_Information supplied_
+ + + + + + +

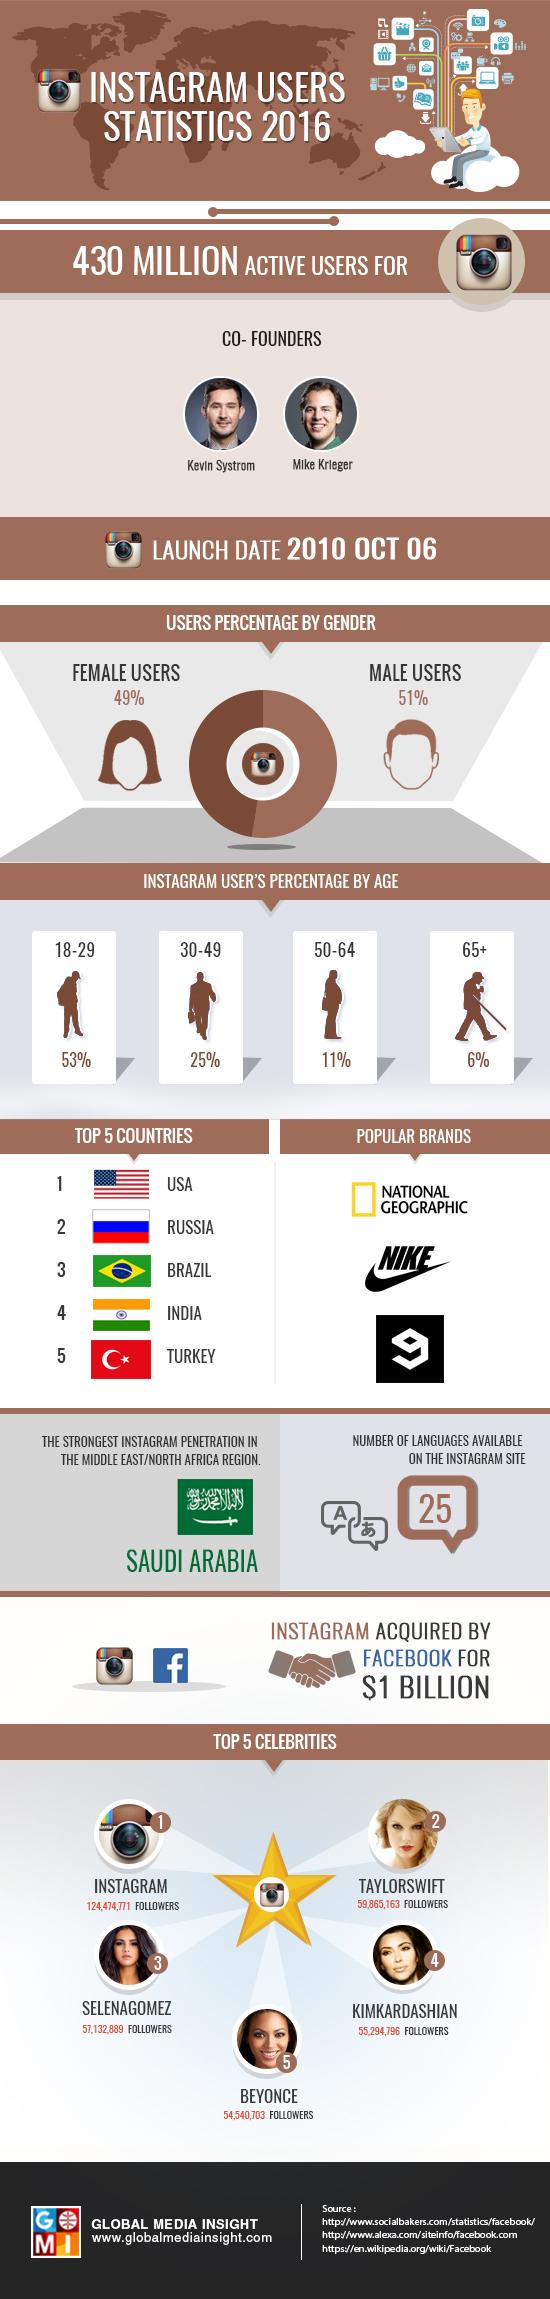 instagram-users-statistics-2016
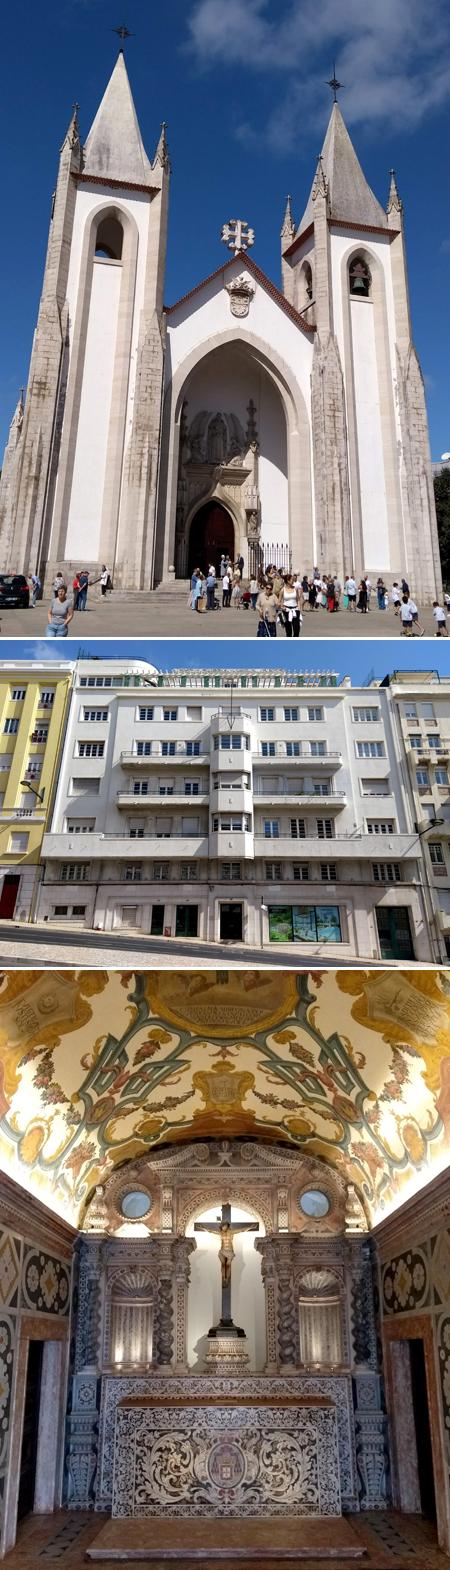 Rick Steves, guidebook research, Portugal, Lisboa
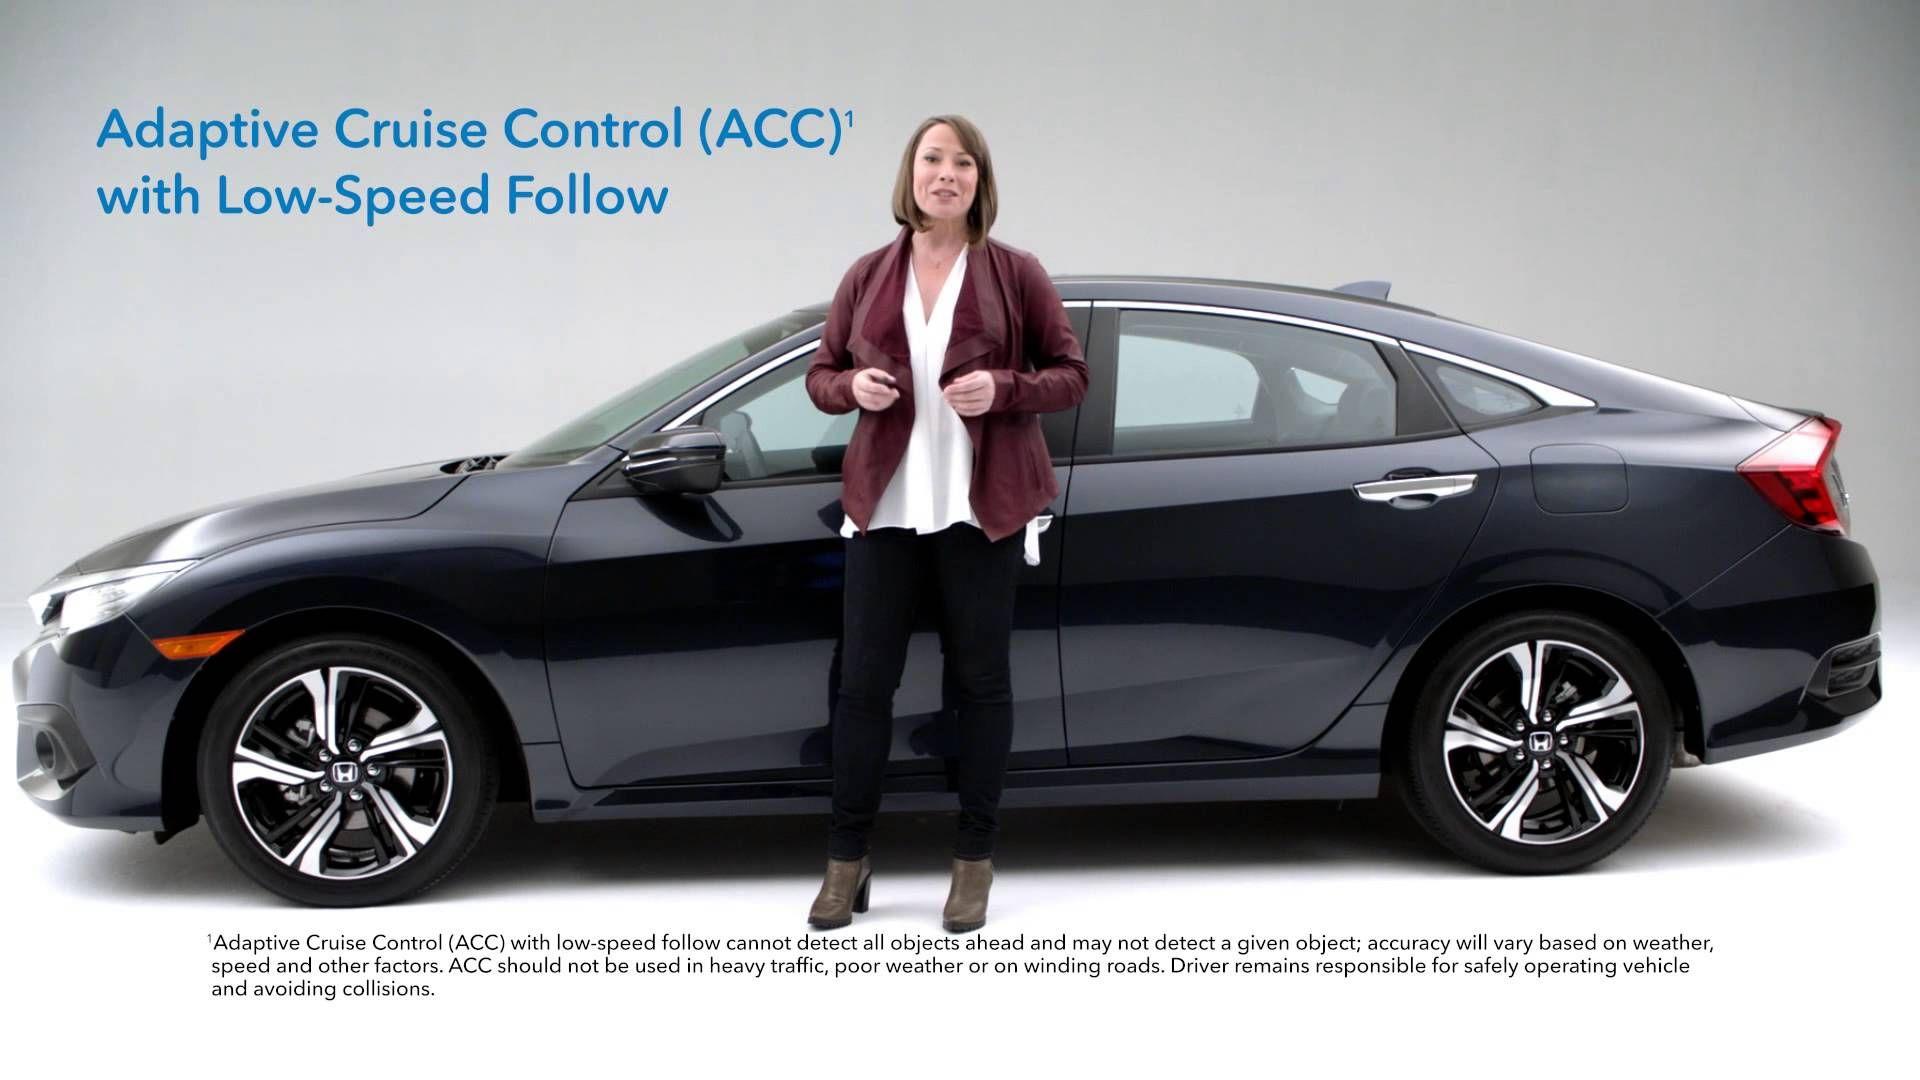 The AllNew 2016 Civic Sedan Offers CategoryLeading
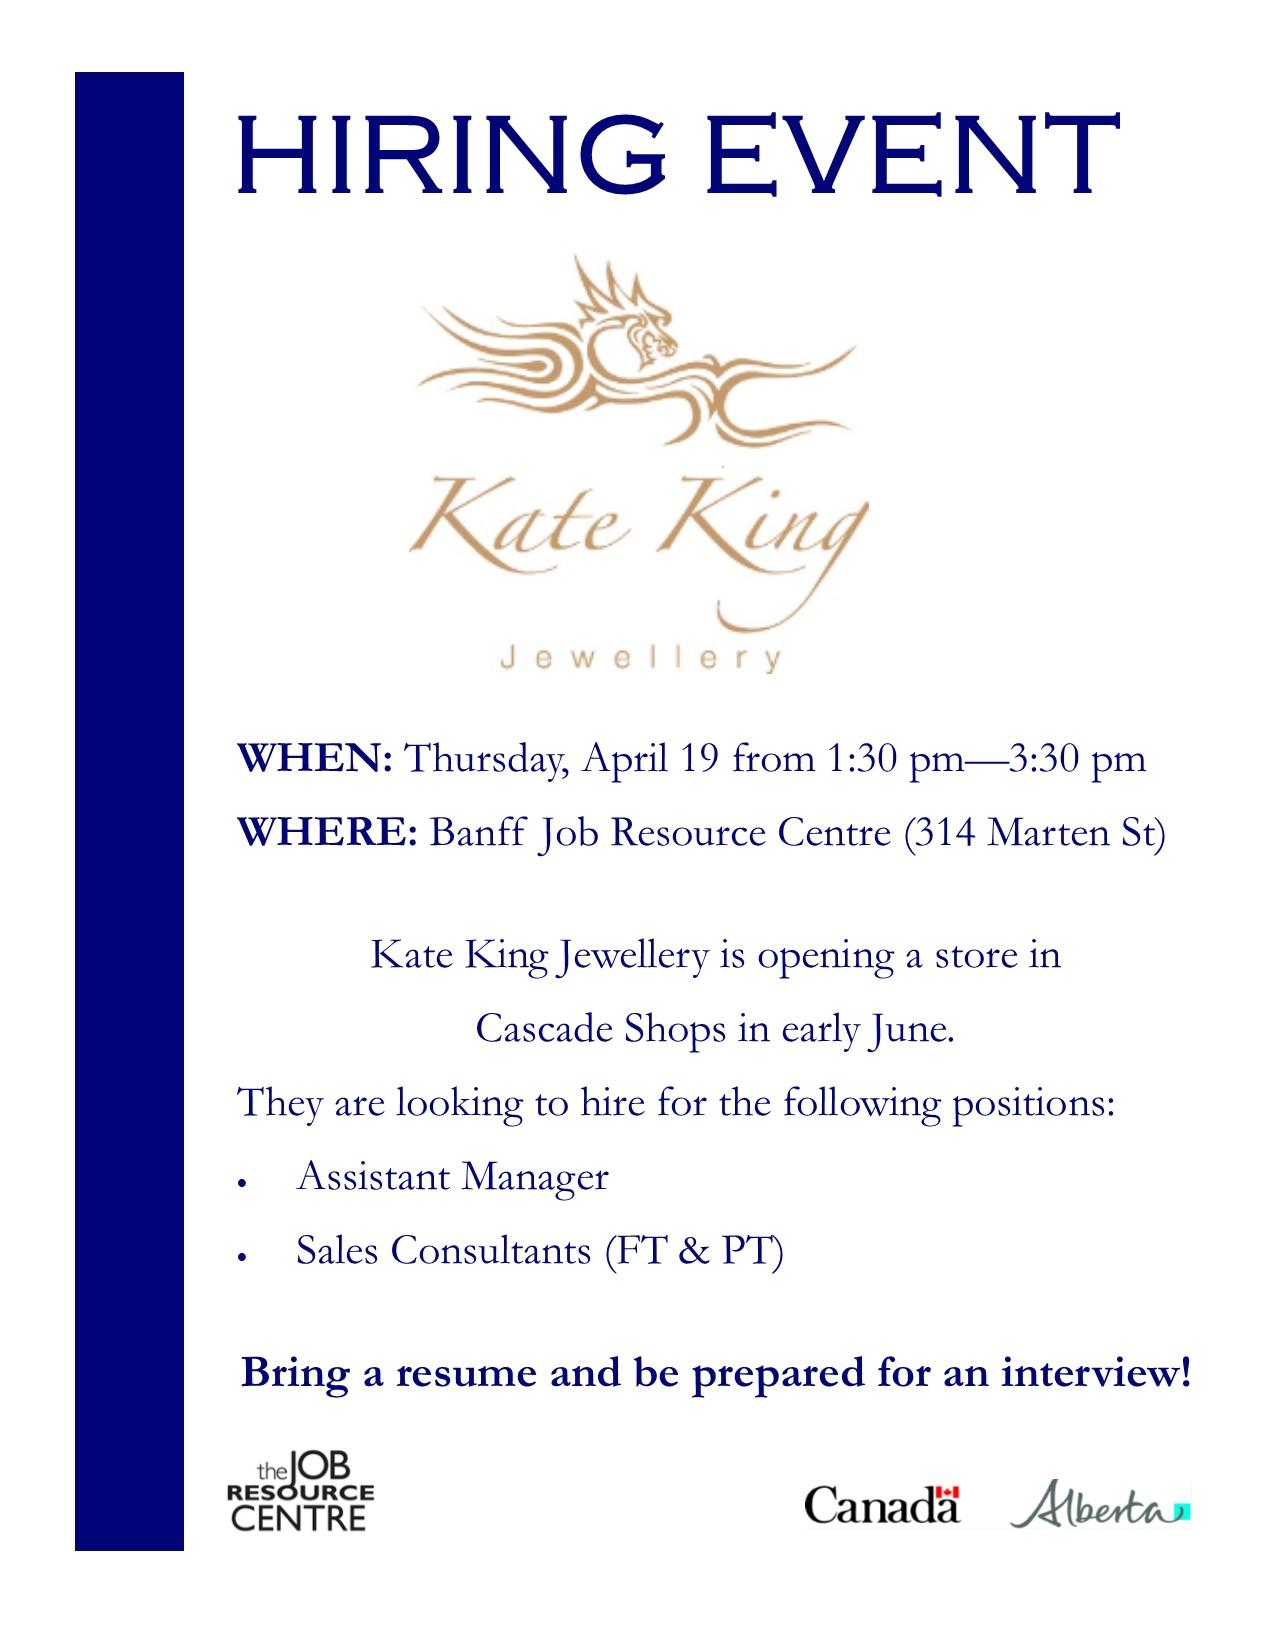 Kate King Jewellery Hiring Event.jpg

+ + + + + + +

_Instructions to follow_
Retype word for word all the material given above, and keep the pictures out.

_Reply_
 instagram-users-statistics-2016
 Rick Steves, guidebook research, Portugal, Lisboa
 The AllNew 2016 Civic Sedan Offers CategoryLeading
 Kate King Jewellery Hiring Event.jpg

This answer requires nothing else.